WHAT TO WORK ON: Could you print exactly the lines of the listing below, starting at the line that has "Les Honor 50, 50" and ending at the line that has "Italie ville Renaissance, vue", and only those lines?

INPUT DATA:

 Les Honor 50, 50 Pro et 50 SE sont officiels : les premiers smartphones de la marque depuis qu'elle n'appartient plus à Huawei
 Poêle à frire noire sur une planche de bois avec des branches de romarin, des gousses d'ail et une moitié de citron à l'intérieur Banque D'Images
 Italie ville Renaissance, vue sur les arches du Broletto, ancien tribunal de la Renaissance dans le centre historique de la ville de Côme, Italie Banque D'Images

---

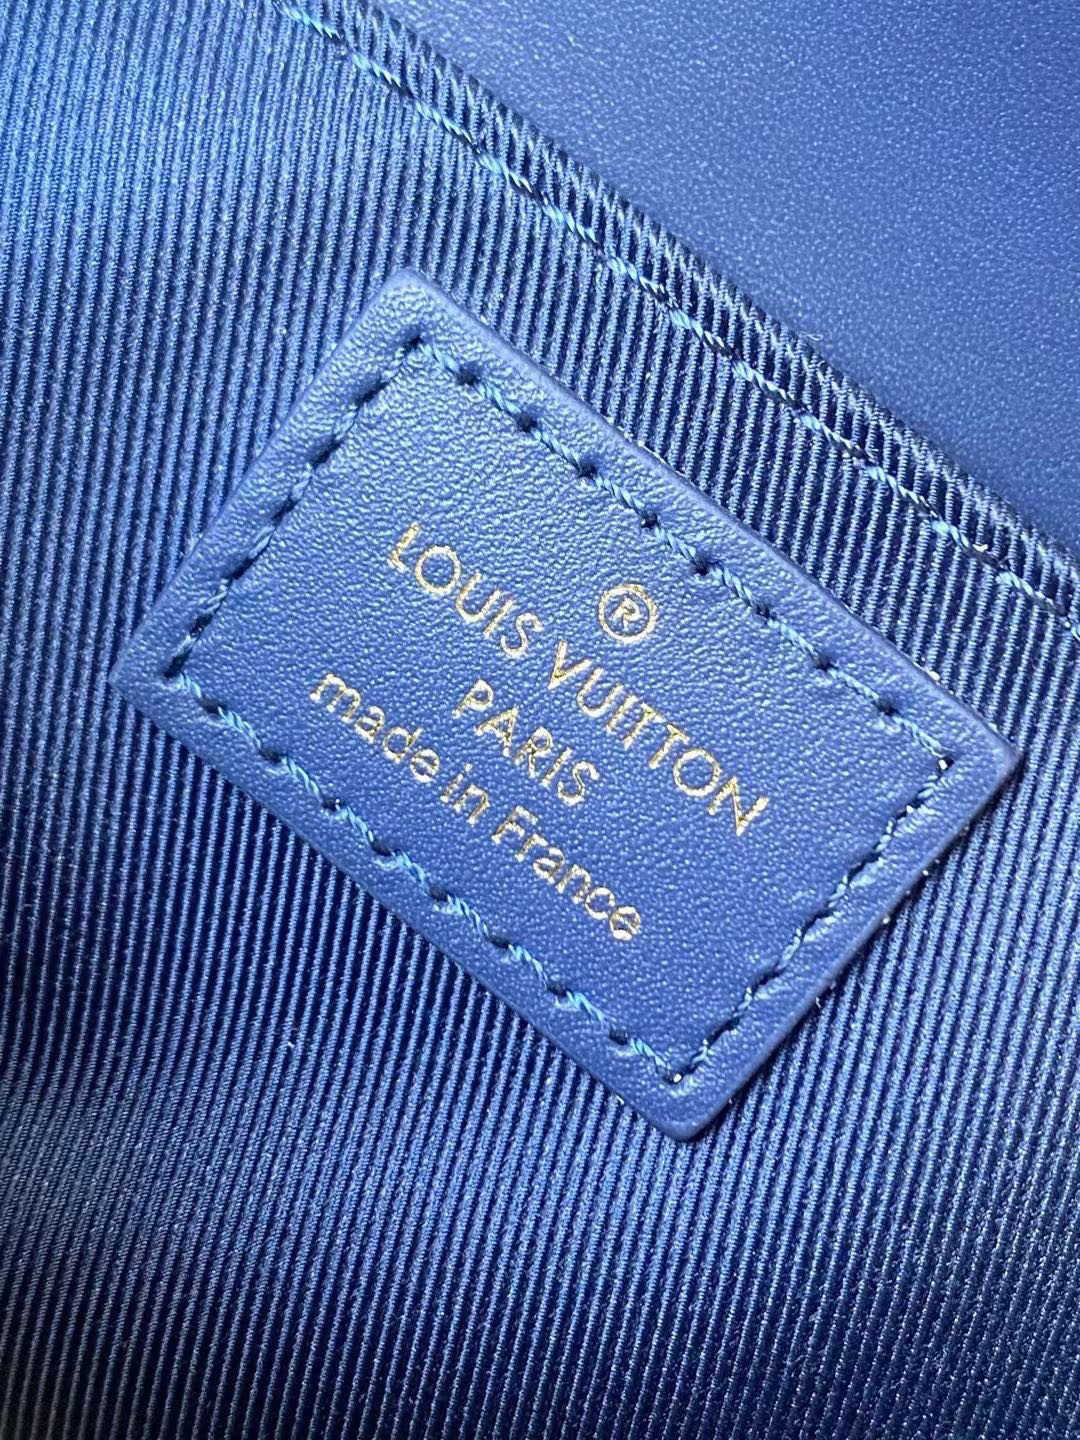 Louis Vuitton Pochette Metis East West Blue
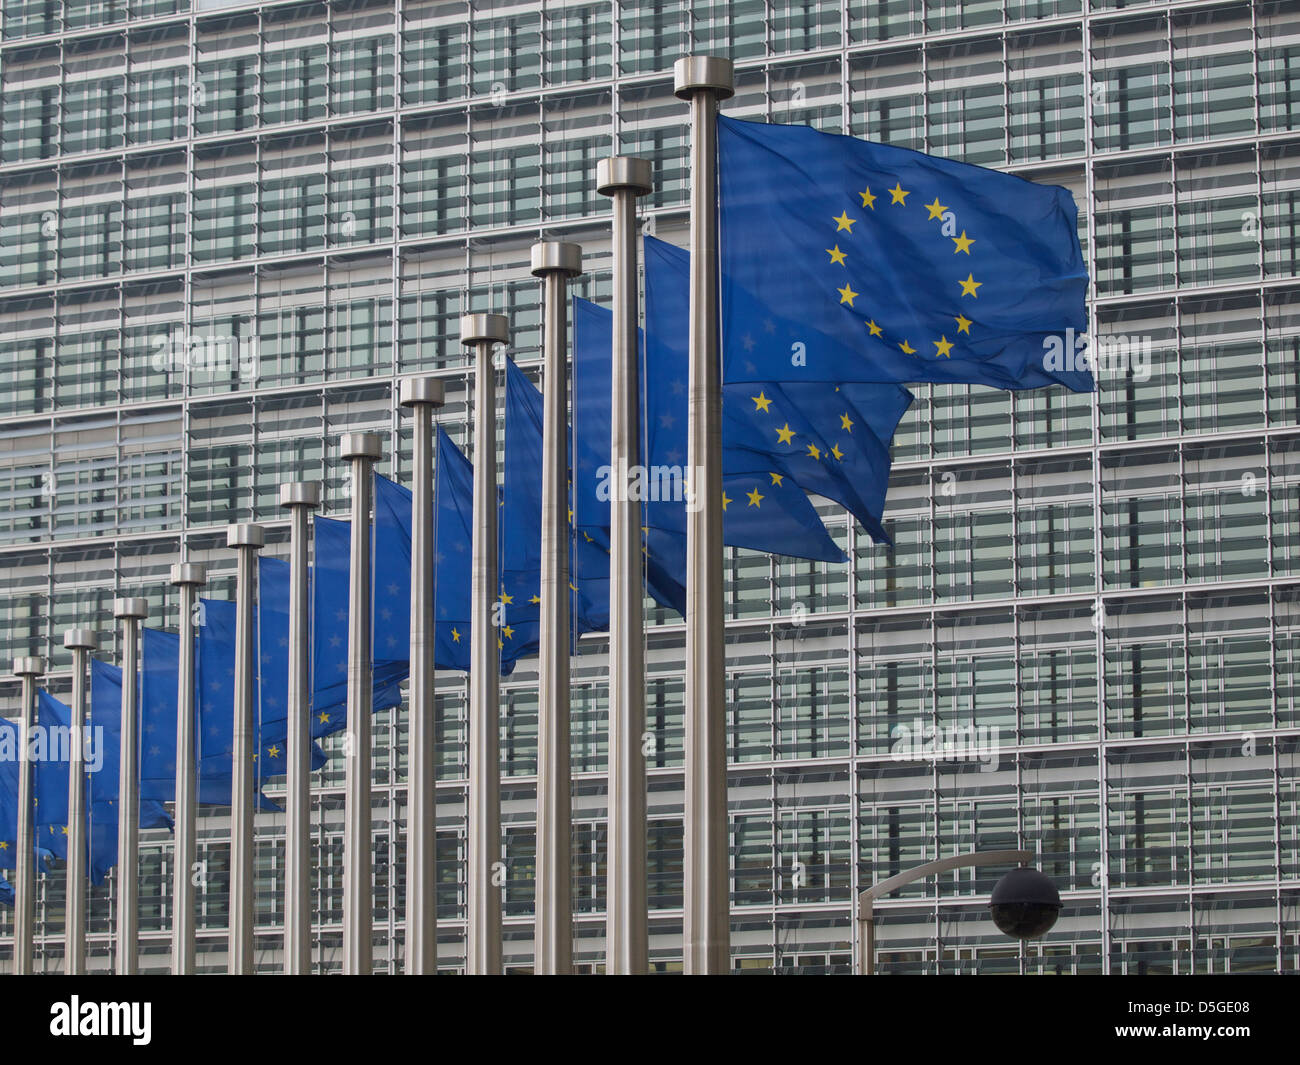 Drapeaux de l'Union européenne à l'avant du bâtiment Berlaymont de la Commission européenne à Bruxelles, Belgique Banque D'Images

SOLUTION:
 Les Honor 50, 50 Pro et 50 SE sont officiels : les premiers smartphones de la marque depuis qu'elle n'appartient plus à Huawei
 Poêle à frire noire sur une planche de bois avec des branches de romarin, des gousses d'ail et une moitié de citron à l'intérieur Banque D'Images
 Italie ville Renaissance, vue sur les arches du Broletto, ancien tribunal de la Renaissance dans le centre historique de la ville de Côme, Italie Banque D'Images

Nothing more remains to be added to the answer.